Rewind to Friday night.  As I lay in bed, I was thinking ahead to this morning, thinking about how cool it was gonna be to have brass, and actually get to be part of it.  I thought about the opening strains of "Christ the Lord is Risen Today" (which is always the opening hymn on Easter morning) and...  Hey, why aren't we doing all the hymns with brass?

So Saturday (yesterday), I shot an email to Shirley (the director) and Brian, and told them I had some time, and wanted to whip up some charts, and what did they think?  I'd be willing to just fly with it, but Brian isn't quite the war-scarred veteran I am, and would want to rehearse it, and maybe wouldn't even feel comfortable doing it with just one rehearsal.  But I sent the email, and then immediately started working on the charts.  An hour later, I had two verses.  I wasn't sure how many verses we were going to sing, but we could do two, alternate between them, skip a verse, whatever.  We had some ammo.  Different harmonies and augmentations, lifted from the actual choral parts and transposed in various combinations. :hat

I logged back into my email and, not really surprisingly, nothing new yet.  So I sent the soprano part to Brian and the two-sax part to Shirley (actually I sent both to both, since it was the same email conversation), and asked Shirley if she knew what the closing hymn was going to be.  Gotta open and close with the brass, right?

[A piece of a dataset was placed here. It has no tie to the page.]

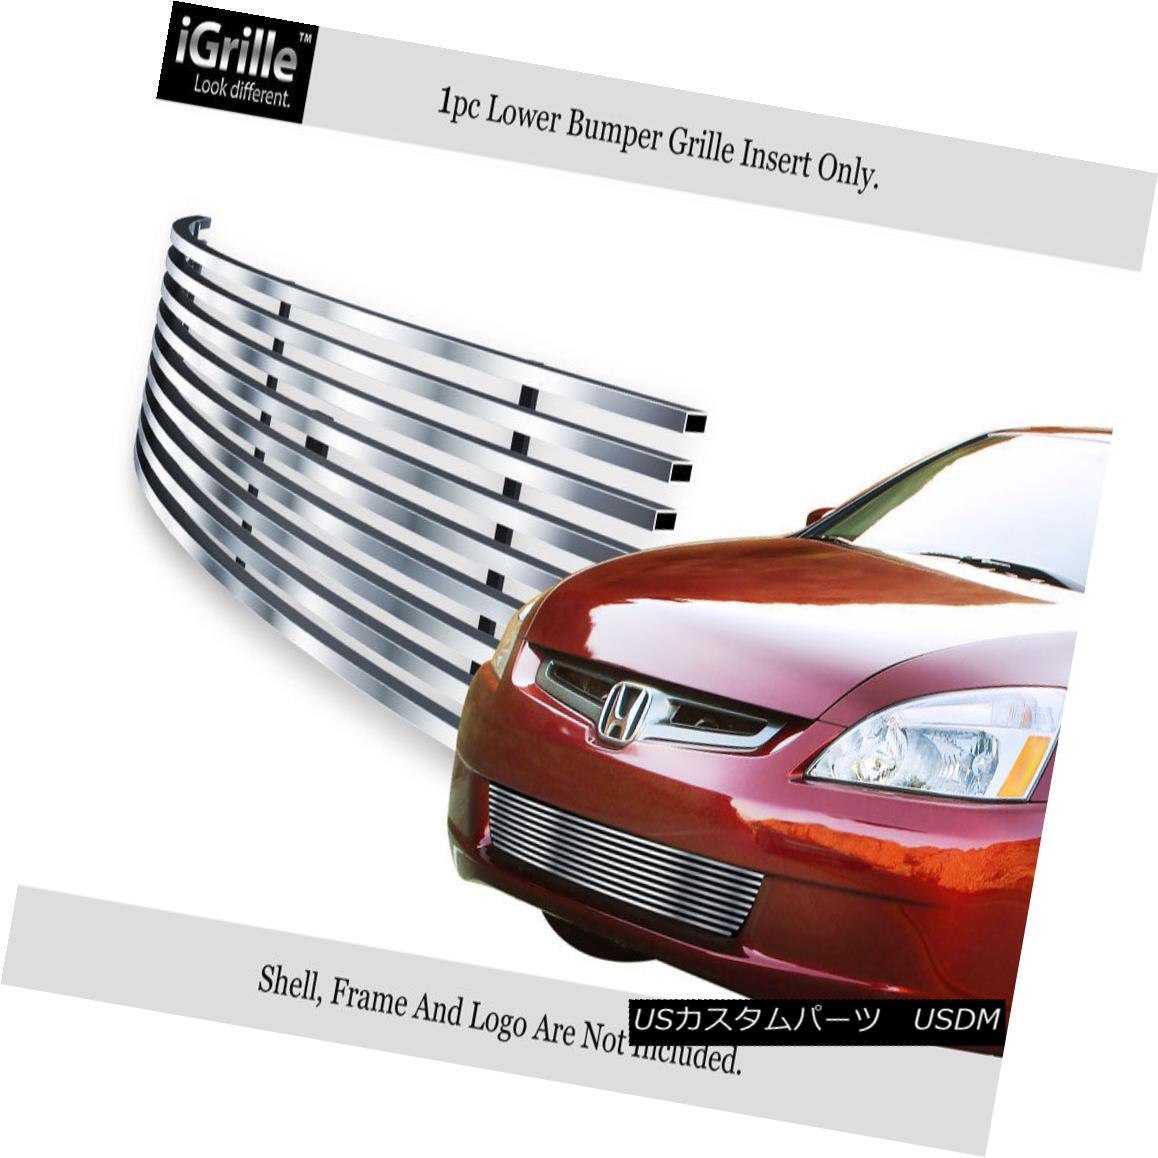 グリル Fits 03-05 Honda Accord Sedan Lower Bumper Stainless Steel Billet Grille フィット03-05ホンダアコードセダンロワーバンパーステンレス鋼ビレットグリル
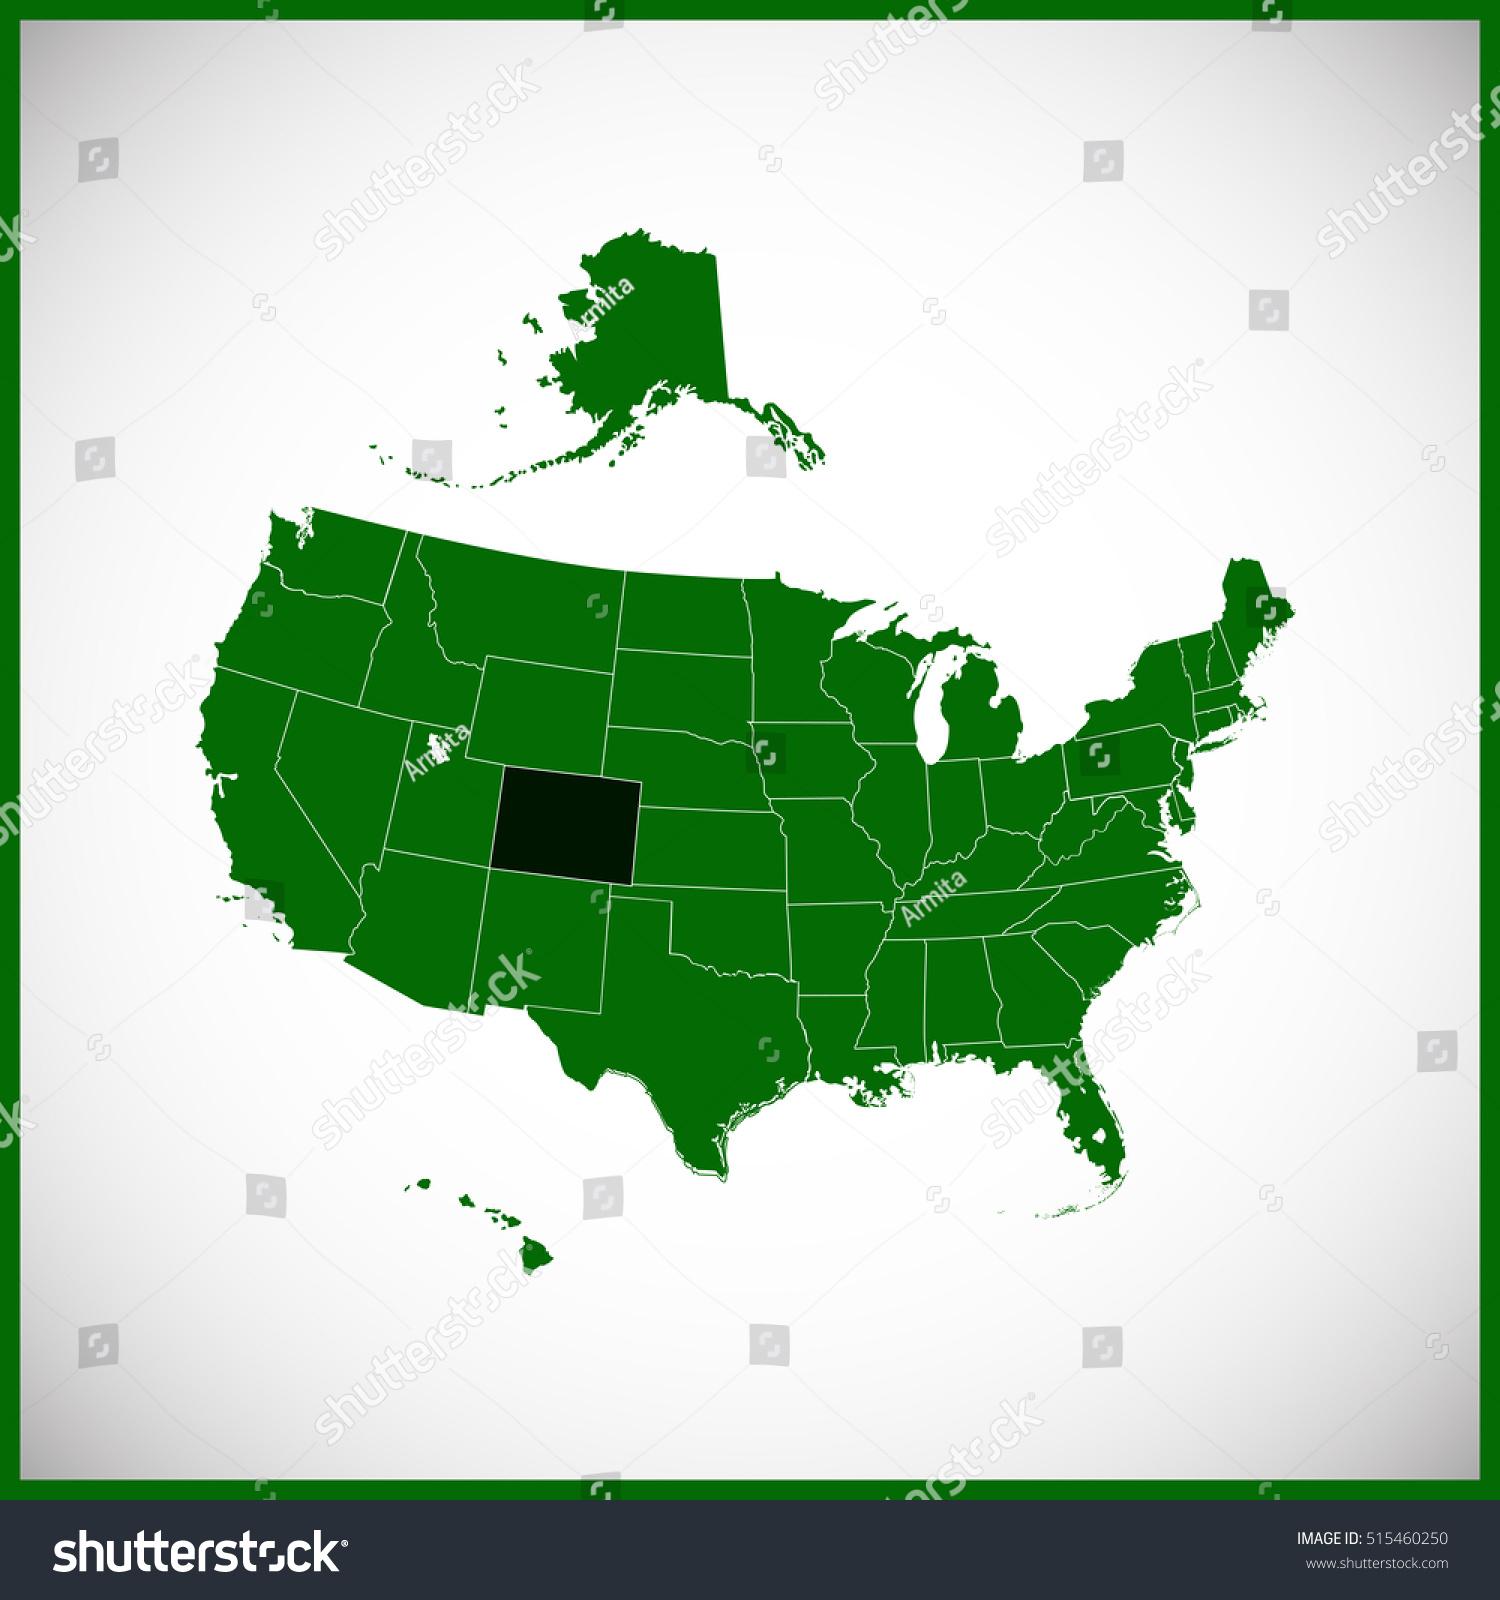 Usa State Colorado Map Stock Vector Shutterstock - Colorado map usa

I checked throughout the day, but Shirley was gone all day.  I should've just called her.  But Brian answered, asked me if I could meet him early to run through it a few times.  Sure.  Then he wrote back later, said he's tried it and it was a piece of cake, so if we did it once during regular rehearsal before the service, he'd be fine.  Yes!  I never did hear back from Shirley though.  But hey, we'd have brass for the opening hymn as well.

This morning, Shirley happened to check her email and answered me.  She's fine with everything, even thanked me for doing it since she'd run out of time (she should've just asked me --  I would've done it but didn't think of it).  The closing hymn is "Christ is Risen", but at this point I didn't have time, since I too was basically doing a last-minute email check before leaving the house.  Crap.  She showed up at rehearsal with a pad of five-line paper, said asked me if I wanted to whip something up really quick, or she could do it.  Whoa. :omg:

During the sermon, I cooked up a chart for Brian to play based on the descant written for the final verse, and I just winged a second horn part based on the tenor part.  Hey, the harmonies worked, there was some counterpoint here and there, it worked.  Living on the edge.  Writing horn parts 30 minutes before they're gonna be played.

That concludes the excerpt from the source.